The most-traded May iron ore contract on China’s Dalian Commodity Exchange (DCE) ended daytime trade 3.08% lower at 960.5 yuan ($133.74) a metric ton, its lowest since Jan. 23.

The benchmark March iron ore on the Singapore Exchange was 2.36% lower at $129.7 a ton, as of 0703 GMT, also its lowest since Jan. 23.

China’s manufacturing activity in January contracted for the fourth straight month, an official survey showed on Wednesday, suggesting the sector was struggling to regain momentum at the start of 2024.

The downward correction on ore prices came as the flurry of pre-holiday restocking for feedstocks among steel mills ended and both shipments and port inventories picked up, said Chu Xinli, a Shanghai-based analyst at China Futures.

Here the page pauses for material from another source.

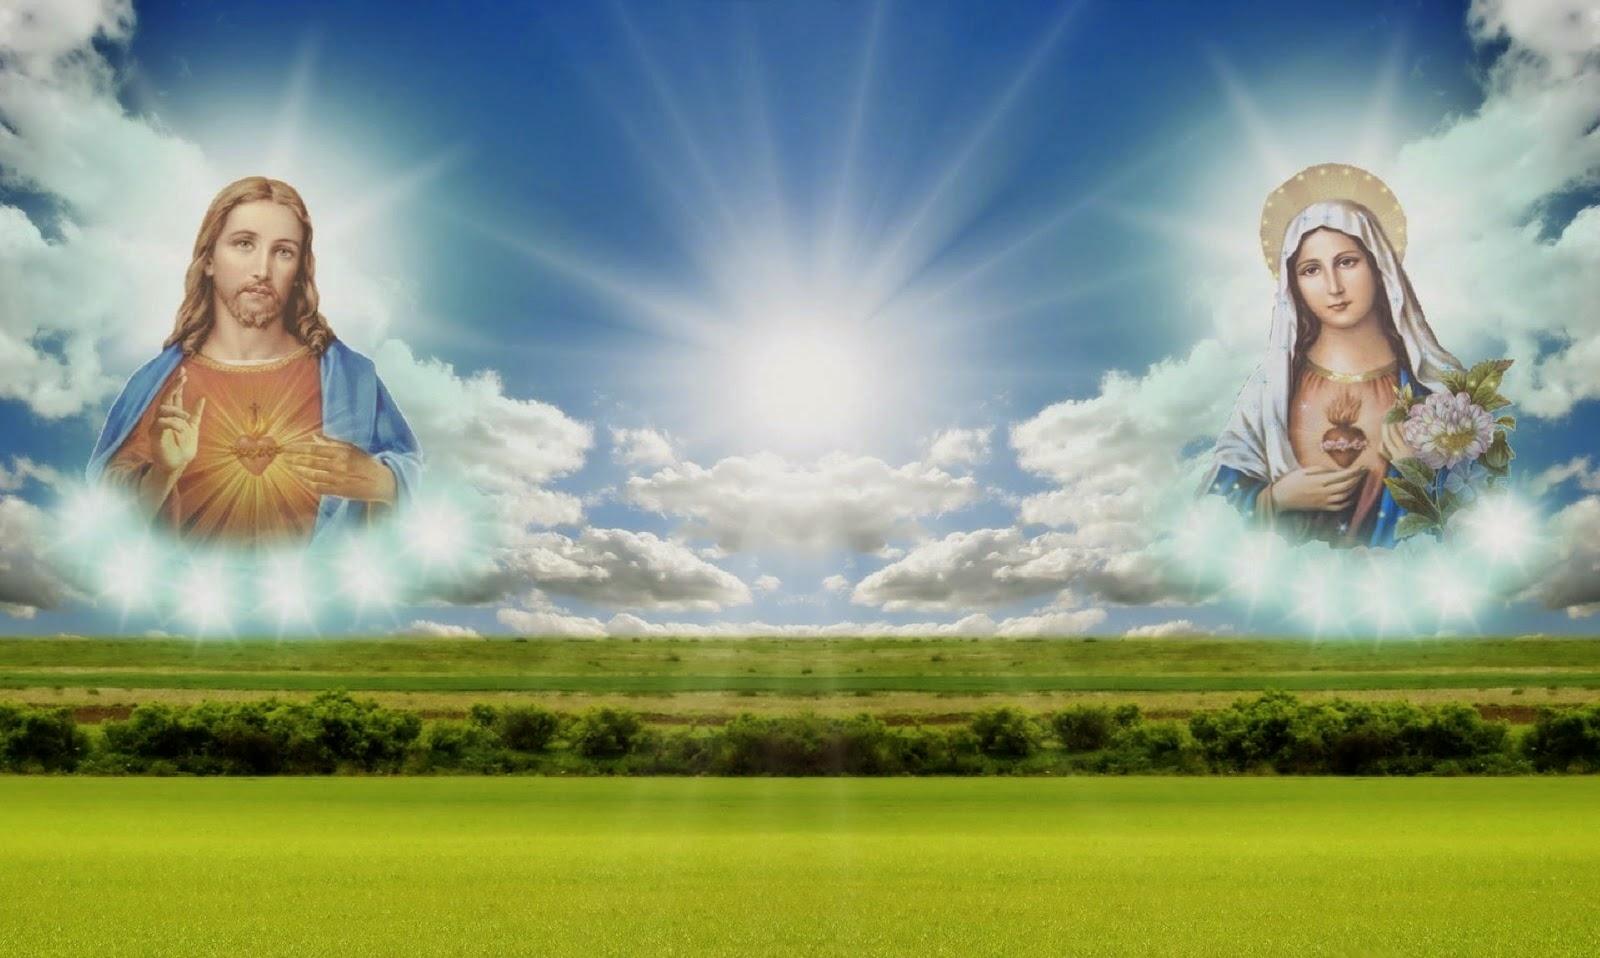 Imagenes Para Fondo De Pantalla Gratis: Fondo De Pantalla Religioso 3

“But a very steep fall might be unlikely due to improved demand amid the continued increase in hot metal output.” A liquidation order on property giant China Evergrande Group from a Hong Kong court on Monday dealt a fresh blow to the country’s fragile property market, pulling down prices of the key steelmaking ingredient and casting a shadow on the demand outlook.

“The process of carving up the world’s most indebted property developer will likely increase uncertainty in China’s real estate sector. This could delay the recovery the market had been expecting this year,” analysts at ANZ bank noted.